Be aware that zfs_actions.py erase snapshot on a daily basis, hence all snapshots created the same day, will be erased snapshots day + retention days later.
example: zfs_actions.py -c /root/conf/replica-data-volume.yml
Will create/destroy replicas for zfs dataset 'data/volume', according to configuration.
If target dataset doesn't exist, it will be created, according to configuration (simple/complete).
Be aware that zfs_actions.py erase replicas on a daily basis, hence all replicas created the same day, will be erased replicas day + retention days later.
- logs
Logging use execo formatter, also in log files, which add colors with escape
sequences.
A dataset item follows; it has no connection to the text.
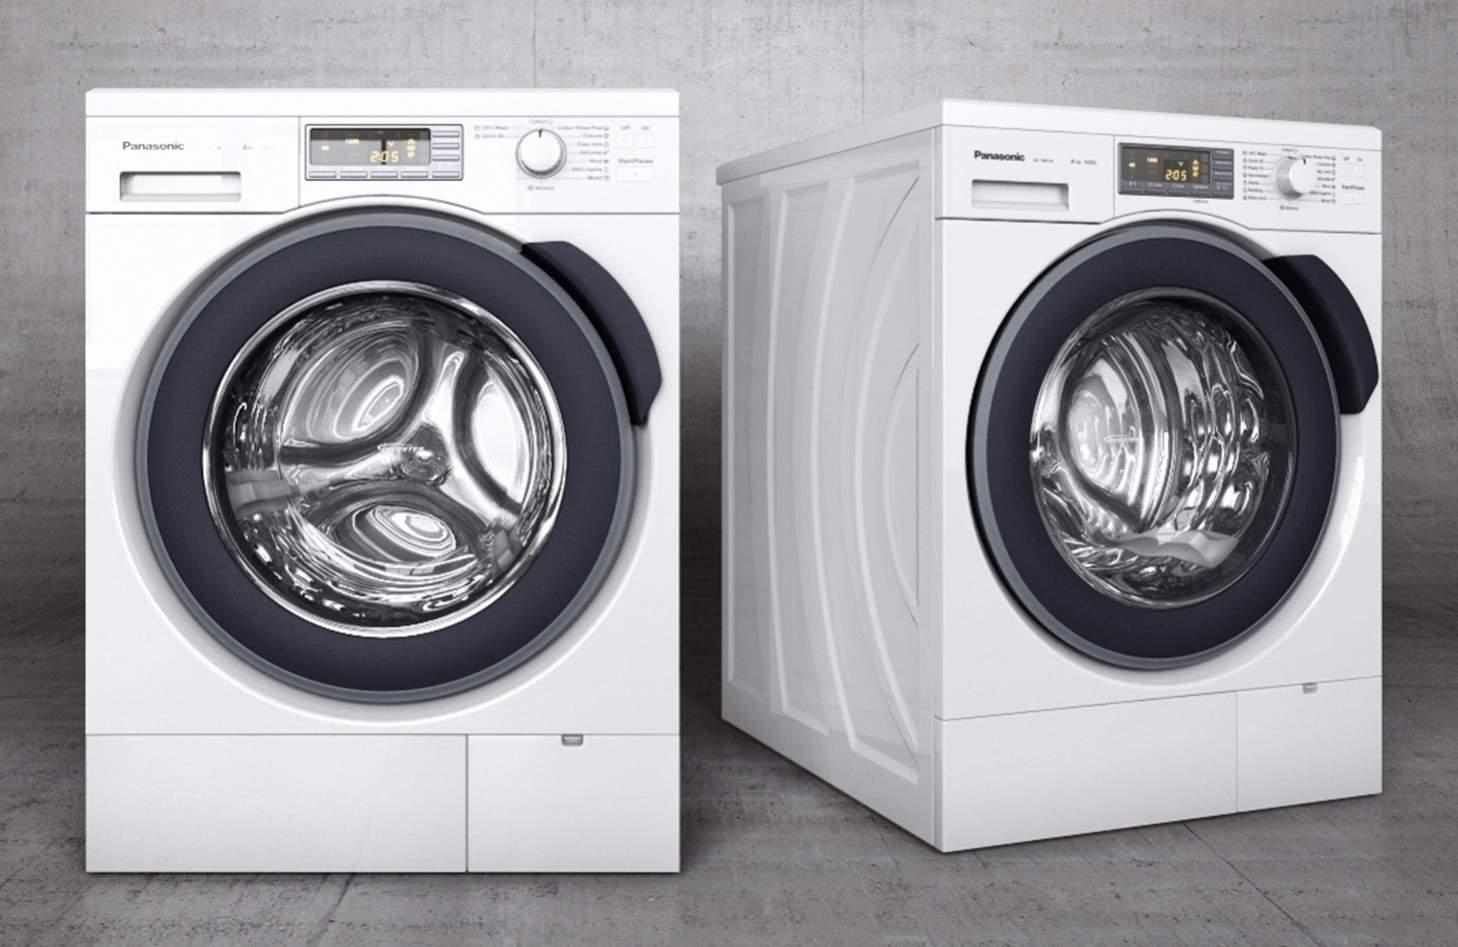 Fitur Quick Wash Di Mesin Cuci Segala Sesuatu Yang Harus Diketahui Samsung Front Loading Washer Ww75k5210yw Cara Memilih Dengan Terbaik

It may look weird with some pagers (less, without export LESS=-ir
).
Logged interactive operations have a different color (orange) than automated operations (white).
- automated log rotation
You may want to rotate your log, using logrotate. Create a file named 'zfs_actions' in '/etc/logrotate.d/'.
# $CREATION_DATE
# /etc/logrotate.d/zfs_actions
/var/log/zfs_actions.log {
su root adm
monthly
rotate 12
missingok
compress
copytruncate
}
Where $CREATION_DATE
can be any form of readable date (as in date +%Y-%m-%dT%H:%M
). This example keep one year of logs, rotated monthly.
- debug
Debug might be extremely verbose. We advise to not debug AND log automaticaly for a long period of time.
- ansible
An ansible task, with templates, is available. See ansible
directory.
- Bump version
See scripts/README.md
.